Под комментарии «не пропадать же добру!» Долгуновская и Подосенков допили остававшийся в бутылке коньяк. Мар кузин, помогавший Анне разбирать со стола (Куюкина мыла ту посуду, которую нельзя было выбросить), посмотрел на враз обмякшую сладкую парочку и сказал:
— Надо обеспечить репатриацию останков.
— Надо, — согласилась Анна.
Когда-то давно Анна тогда еще не была доцентом — перебравшие оставались ночевать на кафедре. Для таких случаев в шкафу, что стоял в ассистентской, даже имелись подушки с одеялами. Постельное белье одалживалось по-родственному в пульмонологии, если, конечно, остающиеся ночевать были способны сходить за ним и, вообще, заморачивались такими изысками.

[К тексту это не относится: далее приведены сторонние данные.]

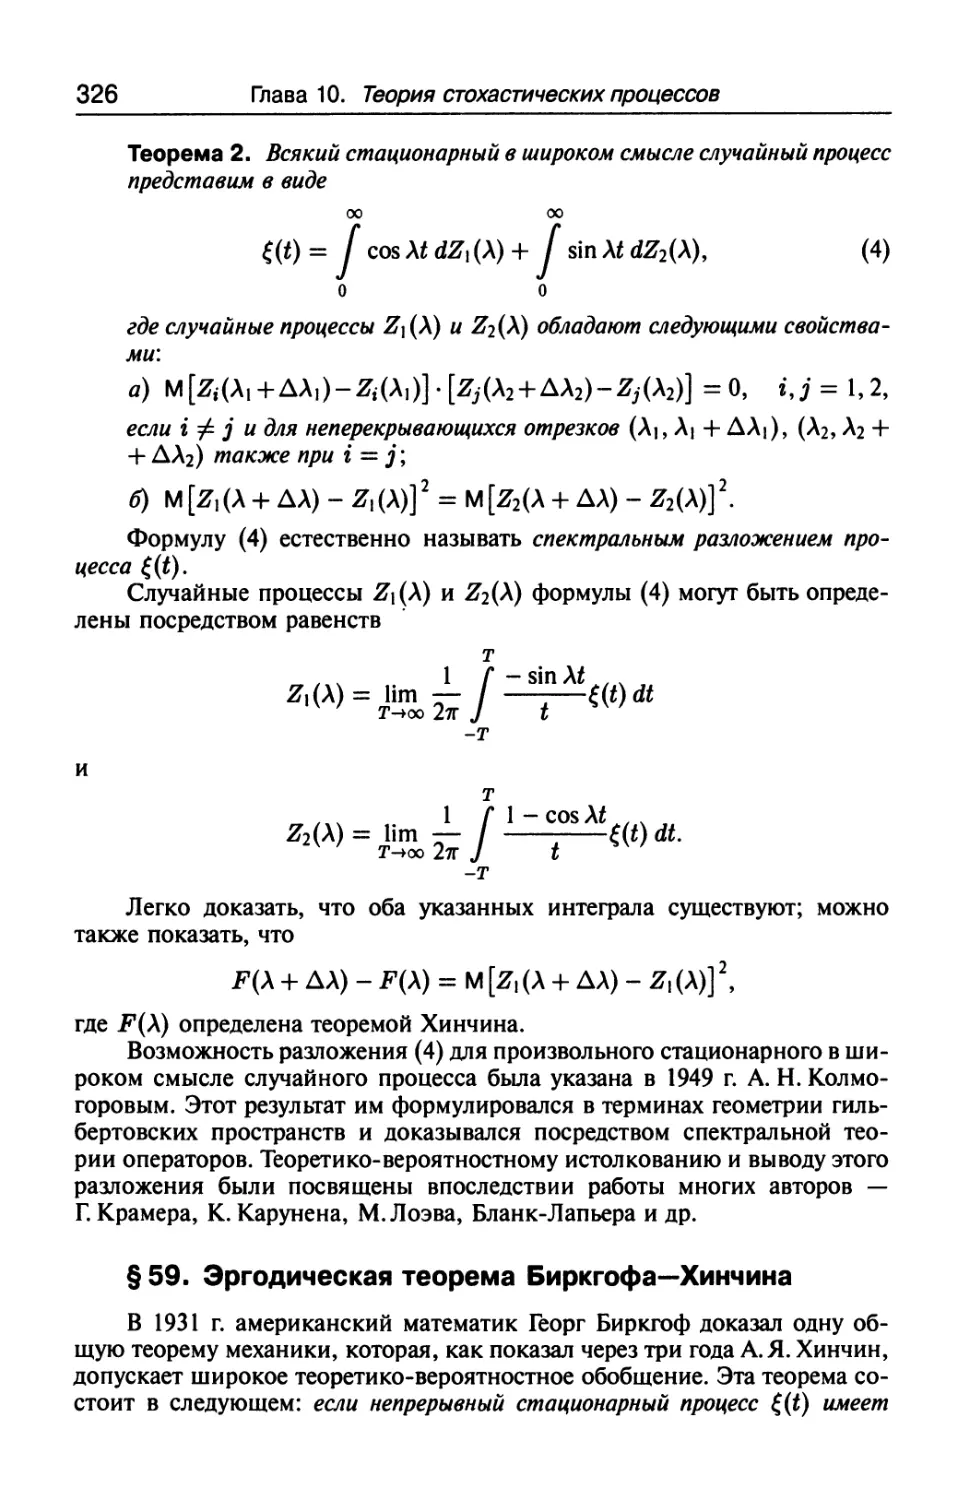 § 59. Эргодическая теорема Биркгофа-Хинчина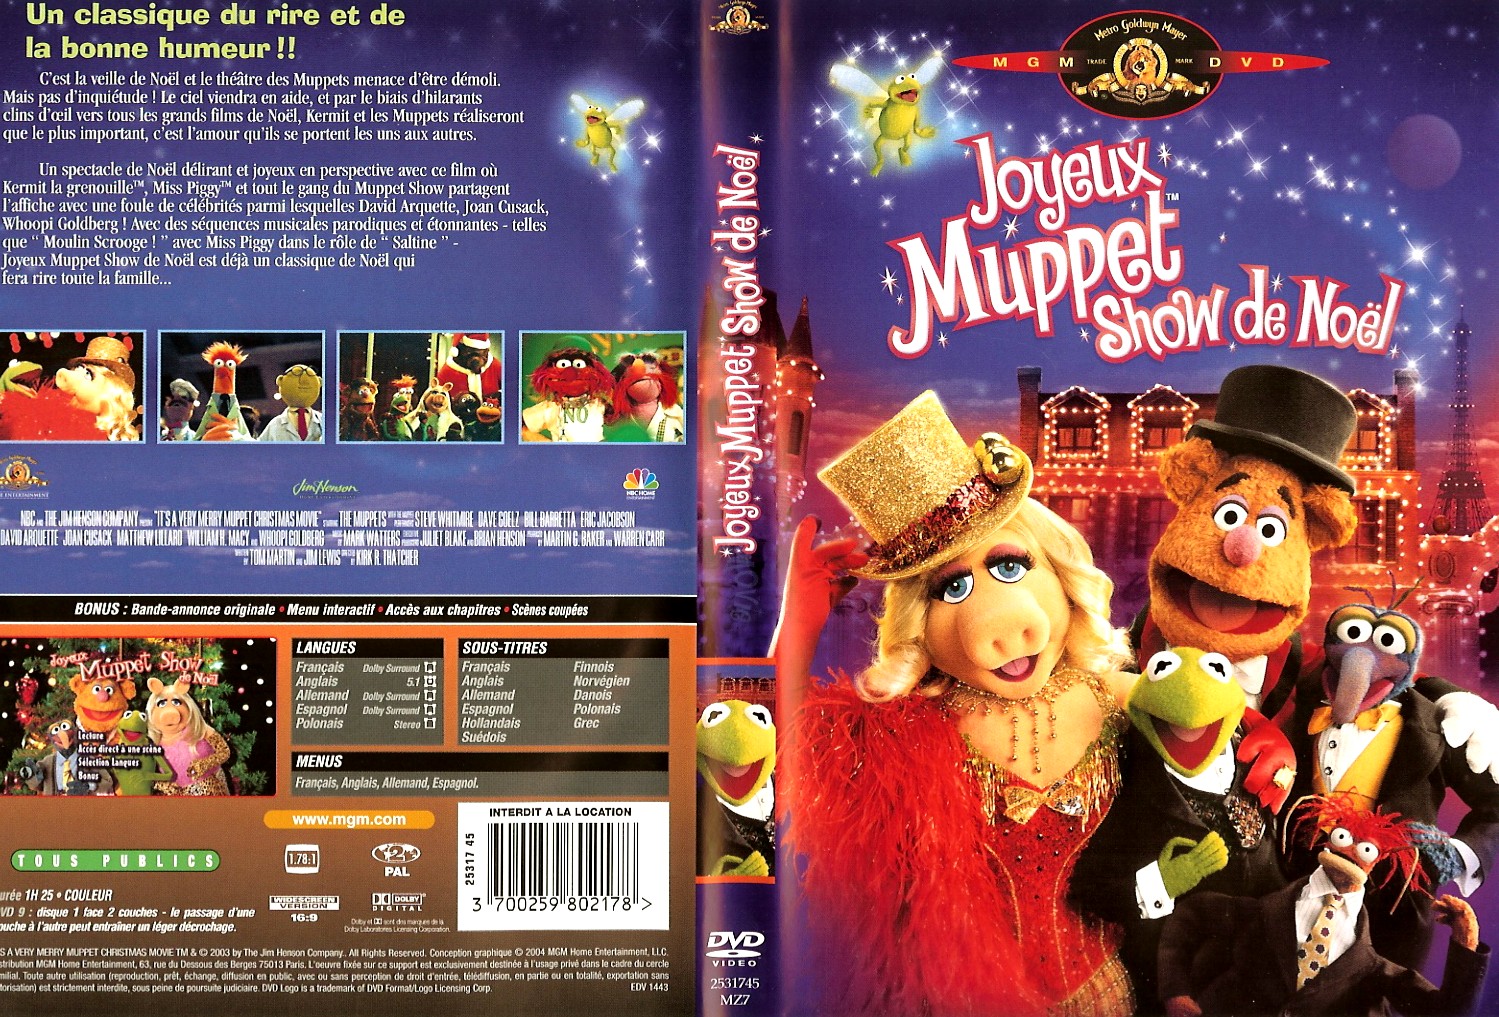 Jaquette DVD Joyeux muppet show de noel

Потом случилось чепе. Линейный контроль департамента здравоохранения, нагрянувший с проверкой около полуночи (вот уж поистине недремлющее око!) «накрыл» в ординаторской второй терапии двух врачей этого отделения, находившихся в том состоянии, которое реаниматологи называют «spirans cadaver» — «дышащий труп». Стойкое спиртовое амбре, пропитавшее ординаторскую, не позволяло списать беспробудное состояние на великую рабочую усталость. Контролеры (их было двое) пригласили ответственного дежурного врача по больнице, заведующего кардиологическим отделением Большакова, который, разумеется, не смог дать никаких объяснений, потому что о пьянках-гулянках на рабочем месте ответственным дежурным сообщать не принято. Разве что только в случае приглашения присоединяться. Выслушав нелицеприятное, ответственный дежурный врач ушел исполнять свои непосредственные обязанности — организовывать работу по своевременному и качественному оказанию лечебно-профилактической помощи больным и соблюдению правил внутреннего трудового распорядка больницы. Линейный контроль продолжил исполнять свои. Нечистая сила (а кому же еще?) привела контролеров в отделение эндокринологии, где был обнаружен еще один «spirans cadaver», на сей раз не в ординаторской, и даже не в сестринской, а в процедурном кабинете. Пьяный доктор (пусть и в свободное от работы время) в ординаторской — это дисциплинарное нарушение. Пьяная медсестра в процедурном кабинете нарушает не только дисциплину, но и санитарно-эпидемиологический режим. А уж то, что медсестра находится на дежурстве и ей положено сидеть на посту, а не валяться в процедурке, только добавляло пикантности случившемуся.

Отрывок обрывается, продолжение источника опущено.